• _The data_:
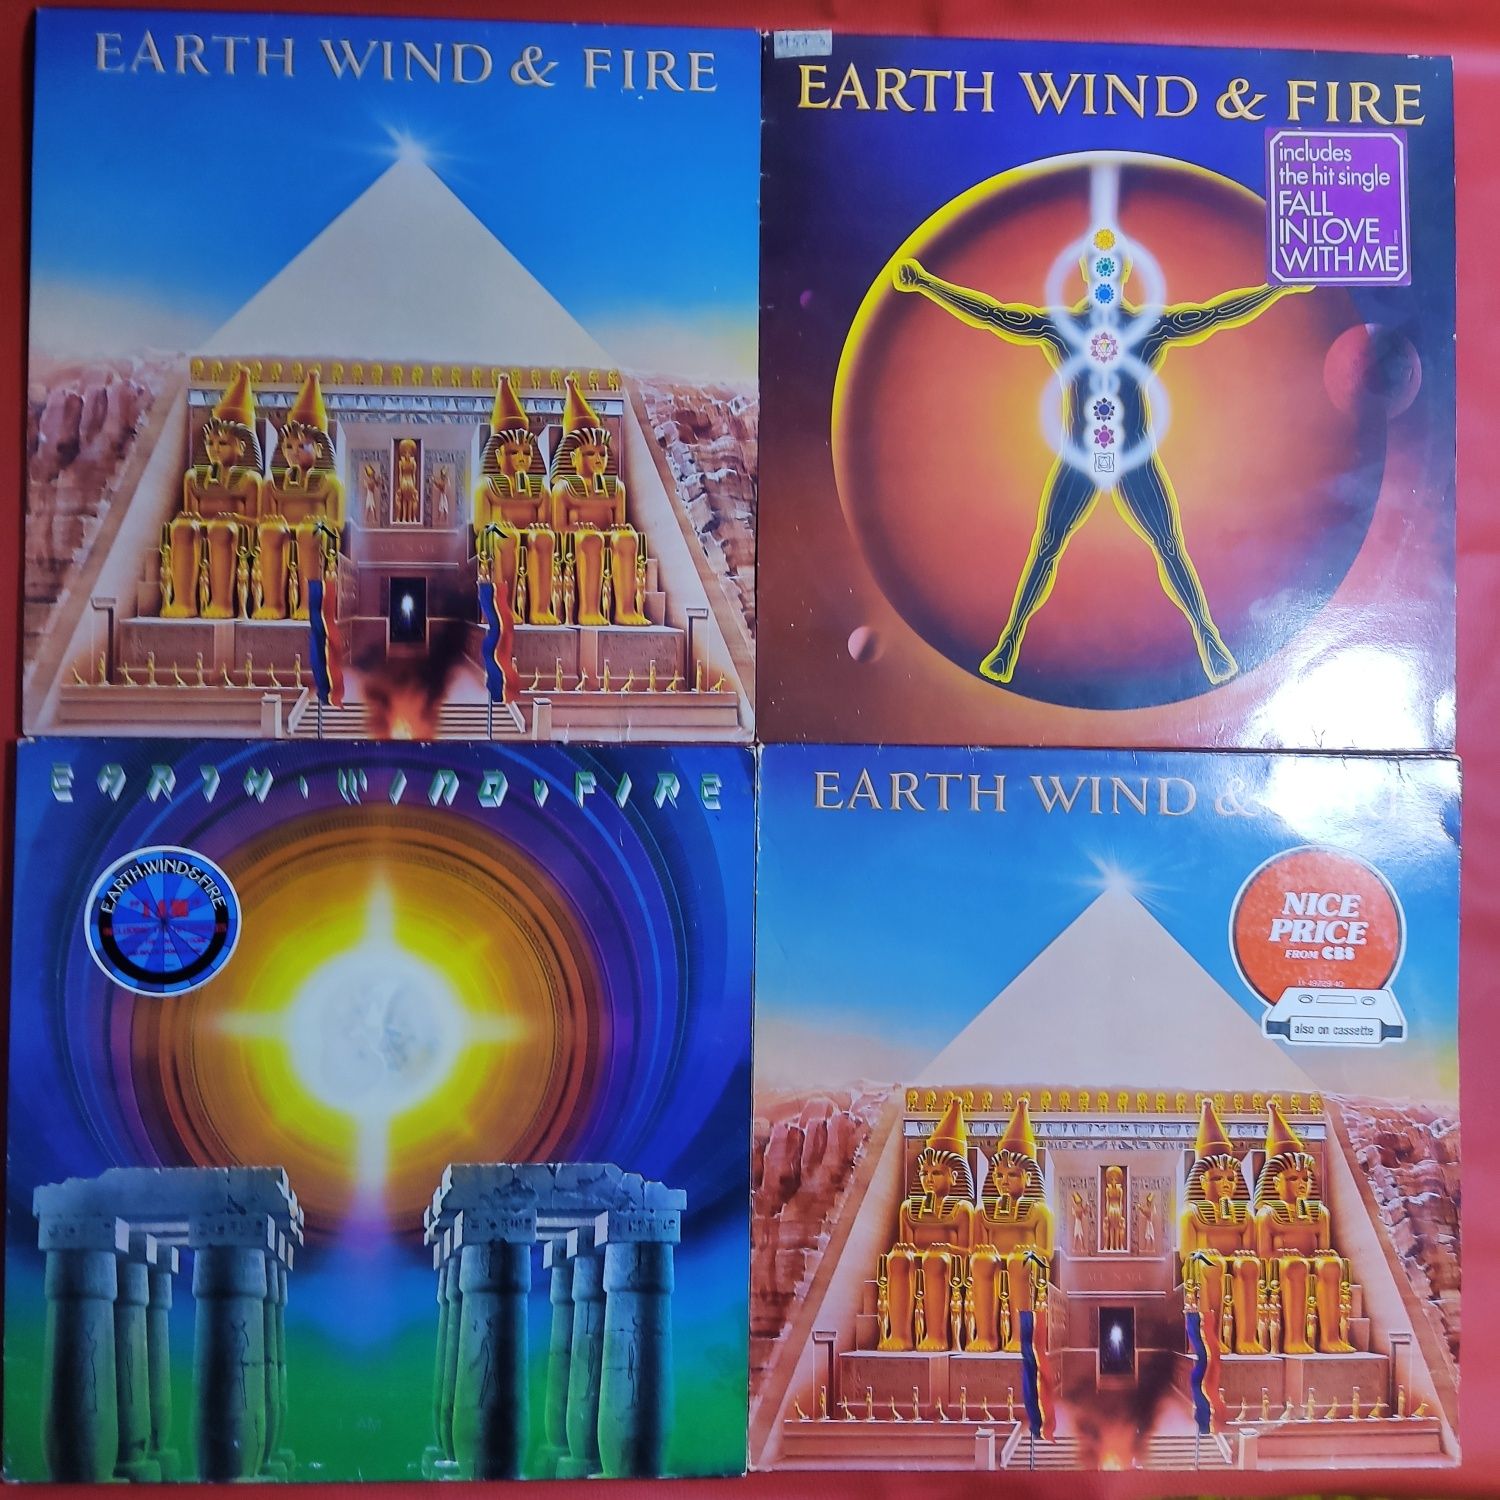 Earth, Wind & Fire - Фірмові вінілові платівки.1979/83/86.
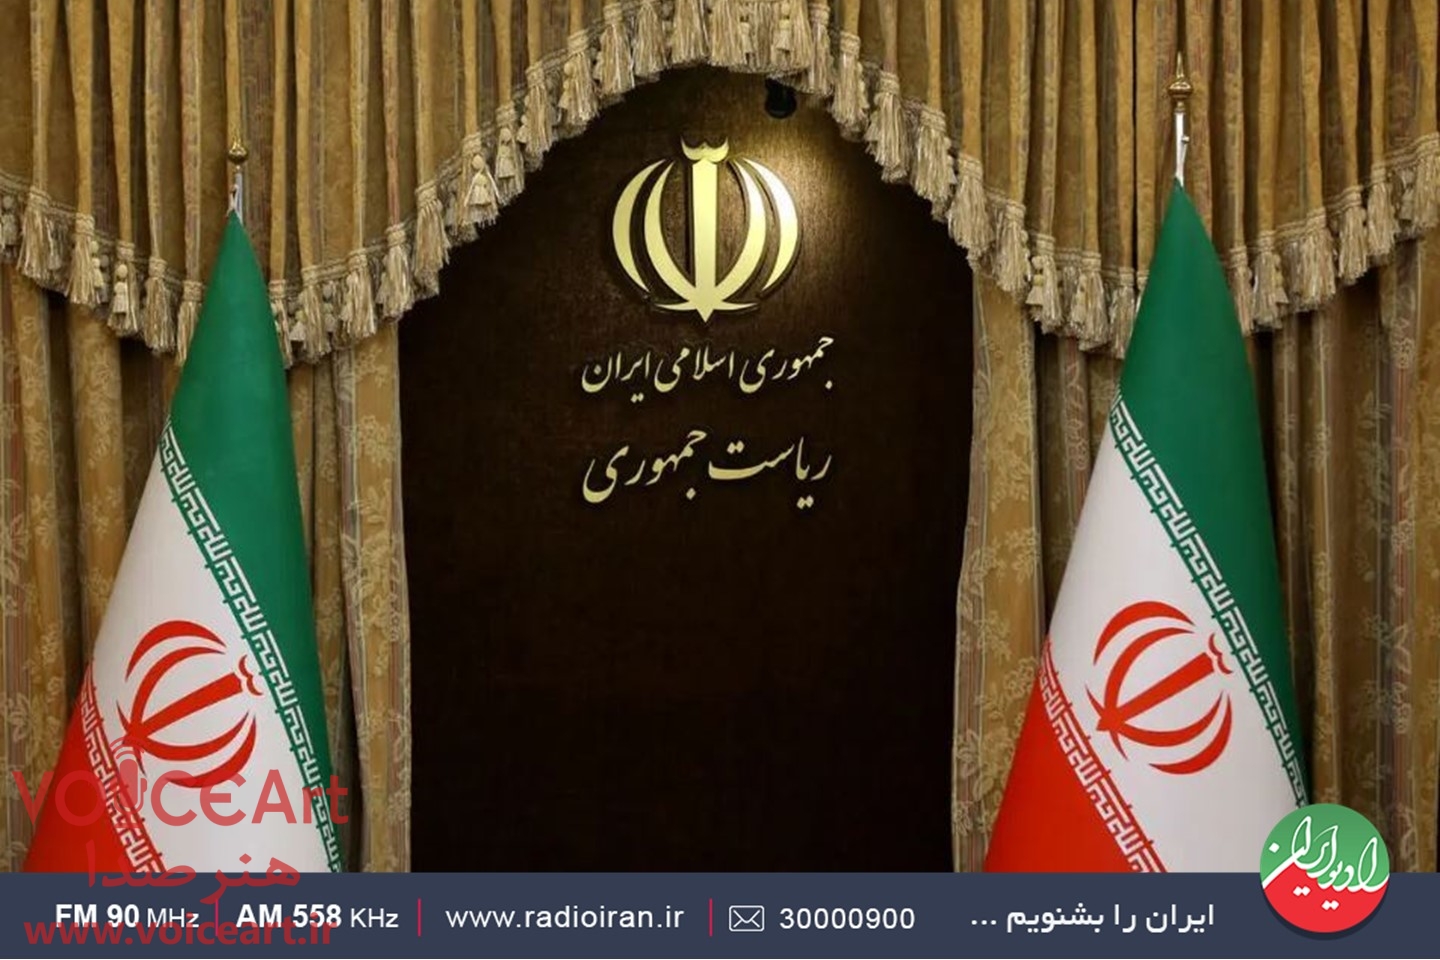 انتظارات از رییس جمهور آینده در «ایران امروز» رادیو ایران
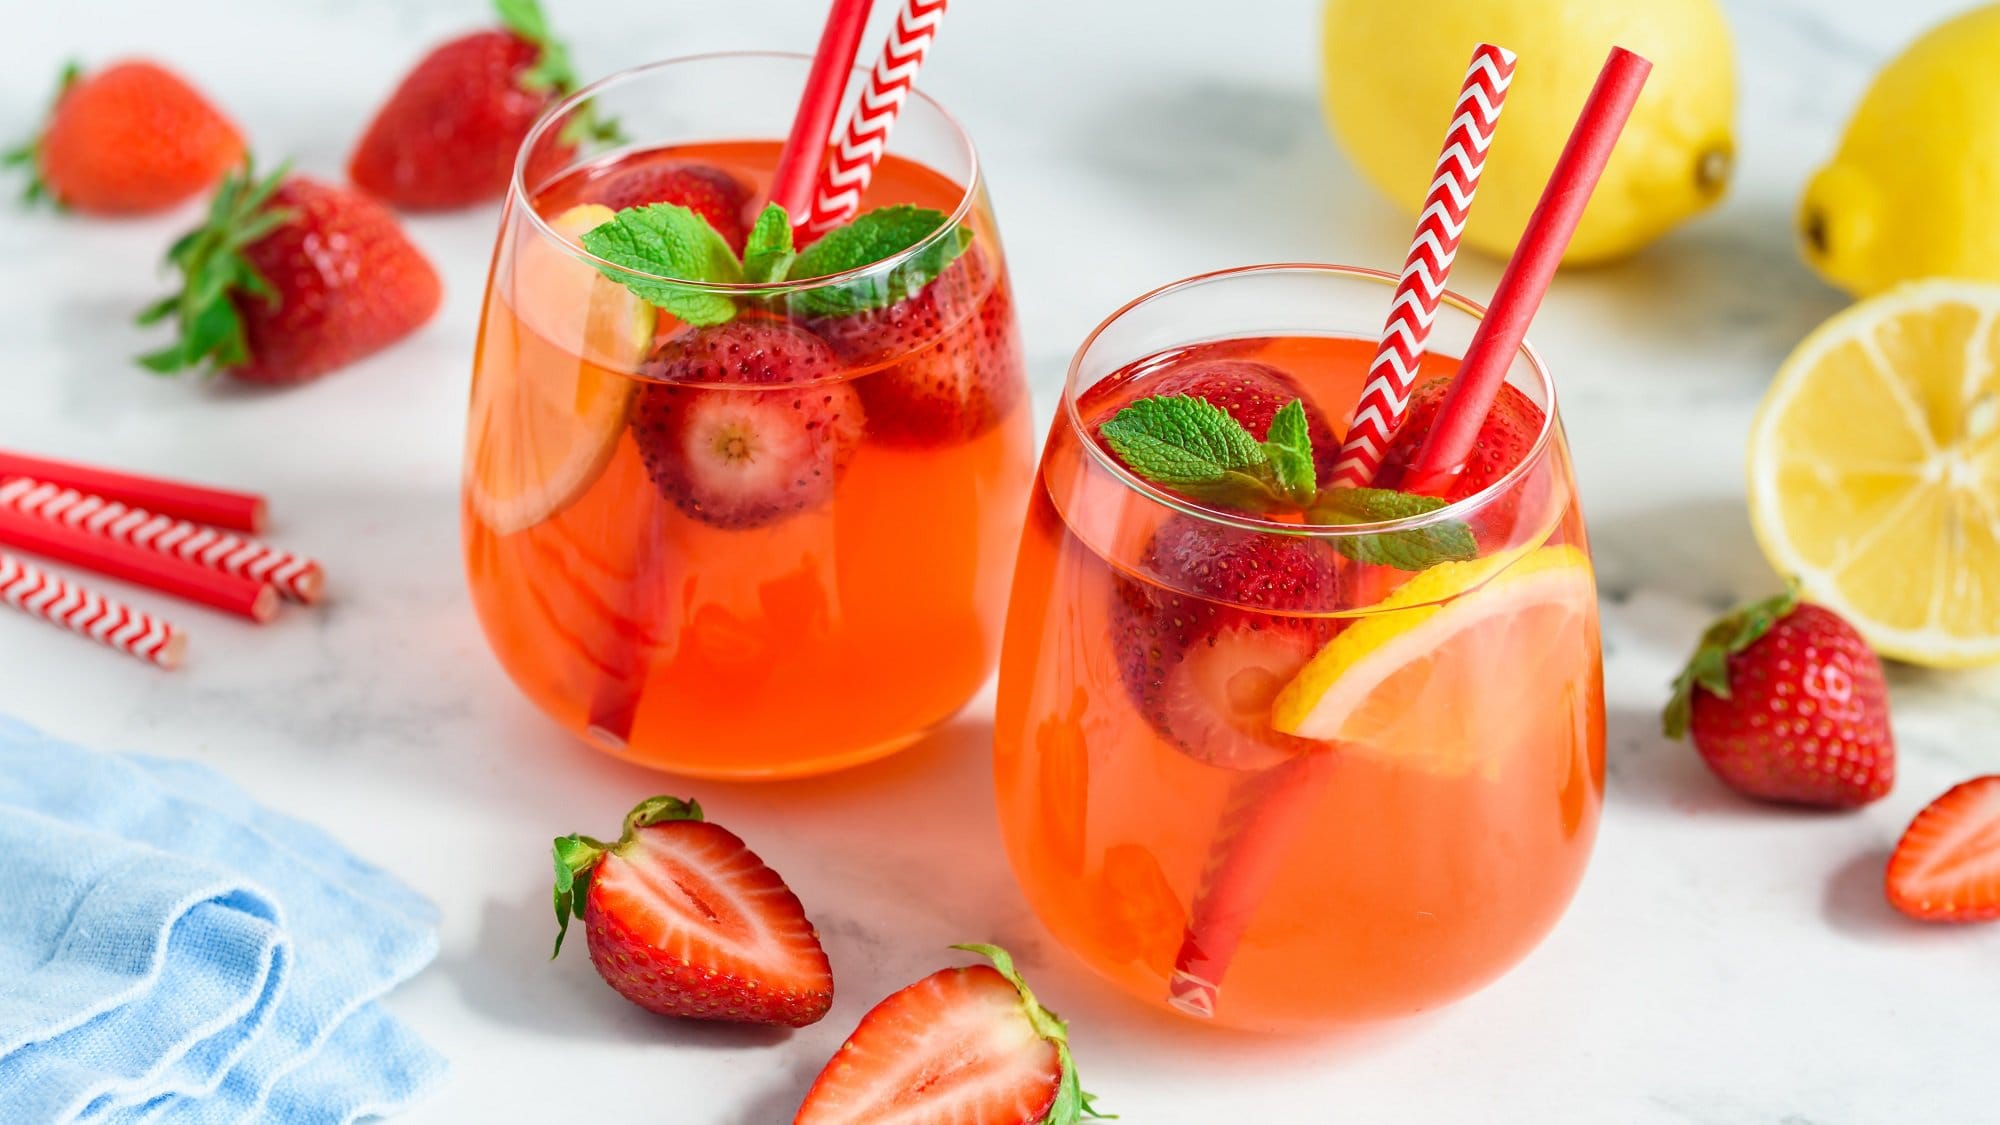 Schräge Draufsicht: Zwei Gläser mir einem erfrischenden Drink mit Erdbeeren und Zitronen stehen auf einem hellen Untergrund. Dahinter liegen drei Zitronen sowie einige Erdbeeren.

• _Task goal_: Would you retype all the lines shown above, exactly as written and without any picture?

• _Your solution_:
 Earth, Wind & Fire - Фірмові вінілові платівки.1979/83/86.
 انتظارات از رییس جمهور آینده در «ایران امروز» رادیو ایران
 Schräge Draufsicht: Zwei Gläser mir einem erfrischenden Drink mit Erdbeeren und Zitronen stehen auf einem hellen Untergrund. Dahinter liegen drei Zitronen sowie einige Erdbeeren.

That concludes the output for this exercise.